How much Davis-Bacon adds to the cost of infrastructure projects is a contentious question. The Government Accountability Office looked at the expense of building the Metro system for the greater Washington, D.C., area. It concluded that it hiked wages in Maryland by almost 34% and likely added 6.8% or $149 million in 1980 dollars to the project.

Clifford Winston is an economist with the Brookings Institution who studies transportation. When it comes to roads, he told the Washington Examiner that Davis-Bacon “raises the cost, but compared with everything else, it's down on the list.”

“Davis-Bacon is a small part, not a trivial part, of the bigger picture concerns on the real serious problems with highways. It's a symptom,” he explained.

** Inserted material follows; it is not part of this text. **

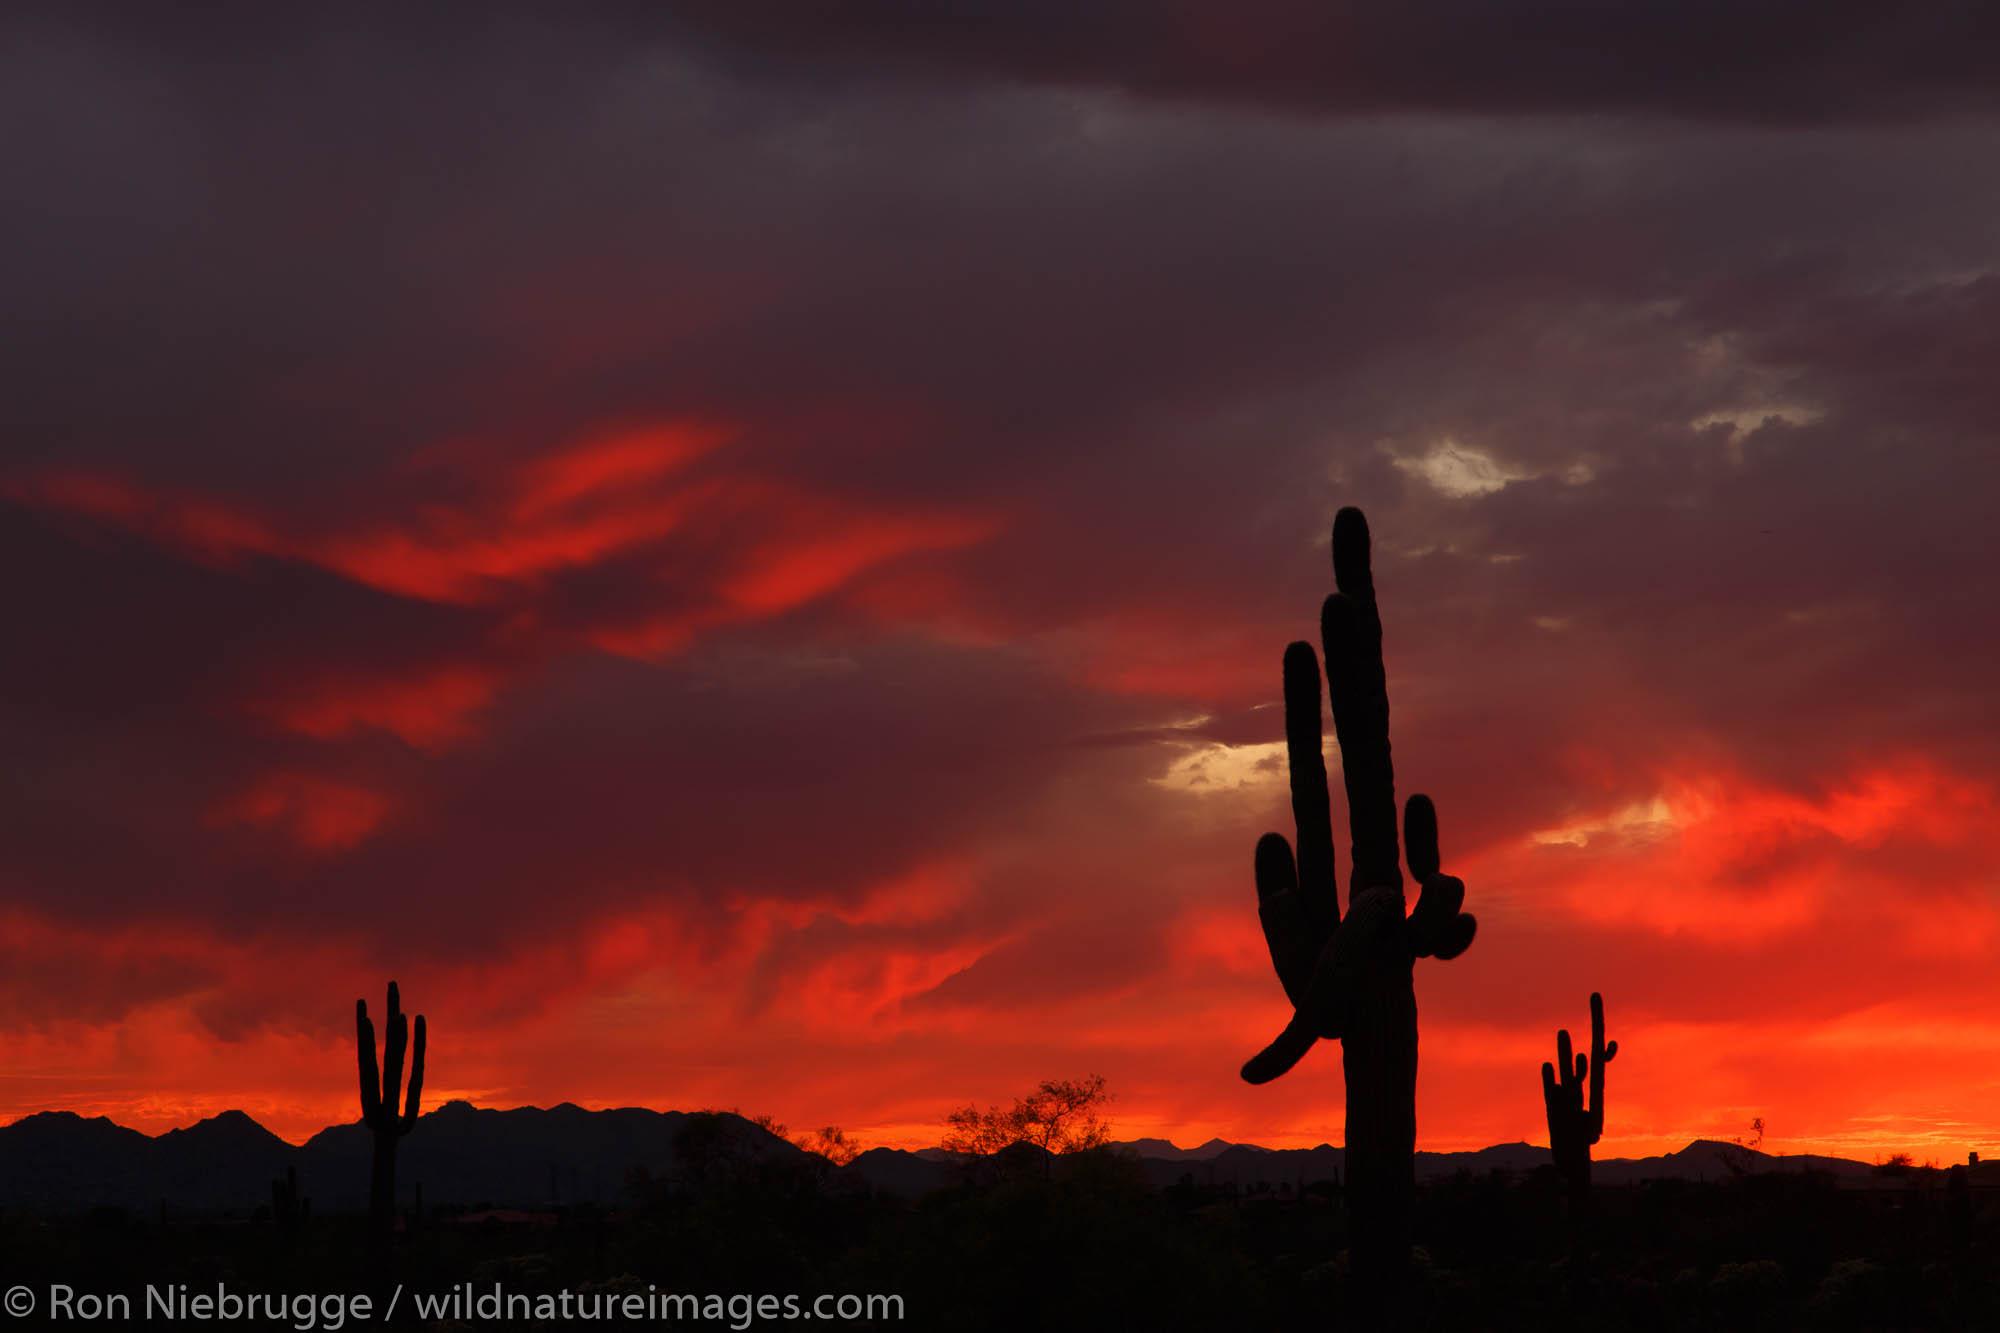 Saguaro cactus at sunset, Scottsdale, Arizona.
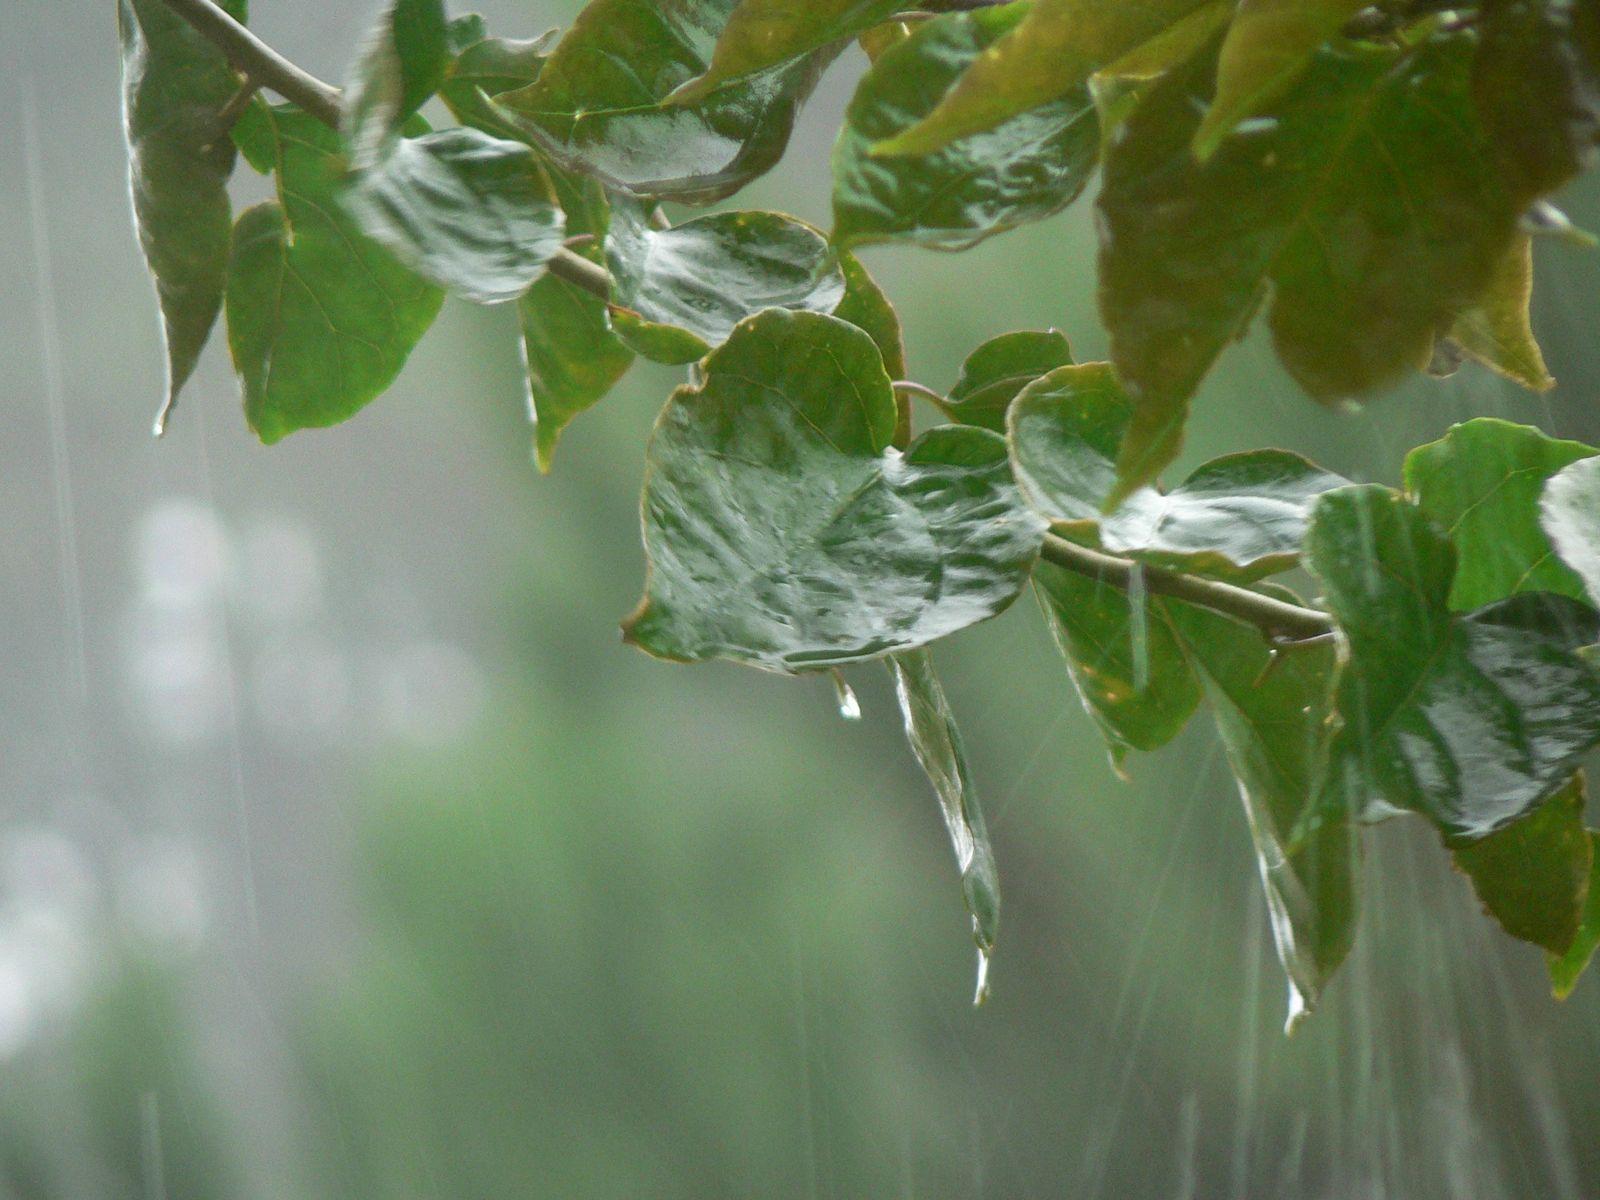 hd deskcomautumn rain wallpaperautumn rain wallpaper 1024 768html 1600x1200

Winston estimates that roads in the United States are worth about $7 trillion. He argued that Davis-Bacon Act compliance costs are lower than the effects that poor maintenance is having, devaluing that infrastructure by well over $100 billion every year.

As for Davis-Bacon making it harder to spend money on projects, Winston thinks it may be the wrong way to look at it. “The question isn't spending money quickly. It's spending it wisely,” he said.

The current system has the federal government doling out money from the federal Highway Trust Fund to states roughly by a formula. This system doesn't have any price signals to help inform work crews where to do necessary maintenance or new construction.

“That's why we get bridges to nowhere,” Winston said.

If Biden were to call him up and ask what one thing the federal government could do to begin fixing its approach to roads, Winston said he would advise the president-elect to “price congestion and price road wear.” In a much longer conversation, he'd bring up Davis-Bacon.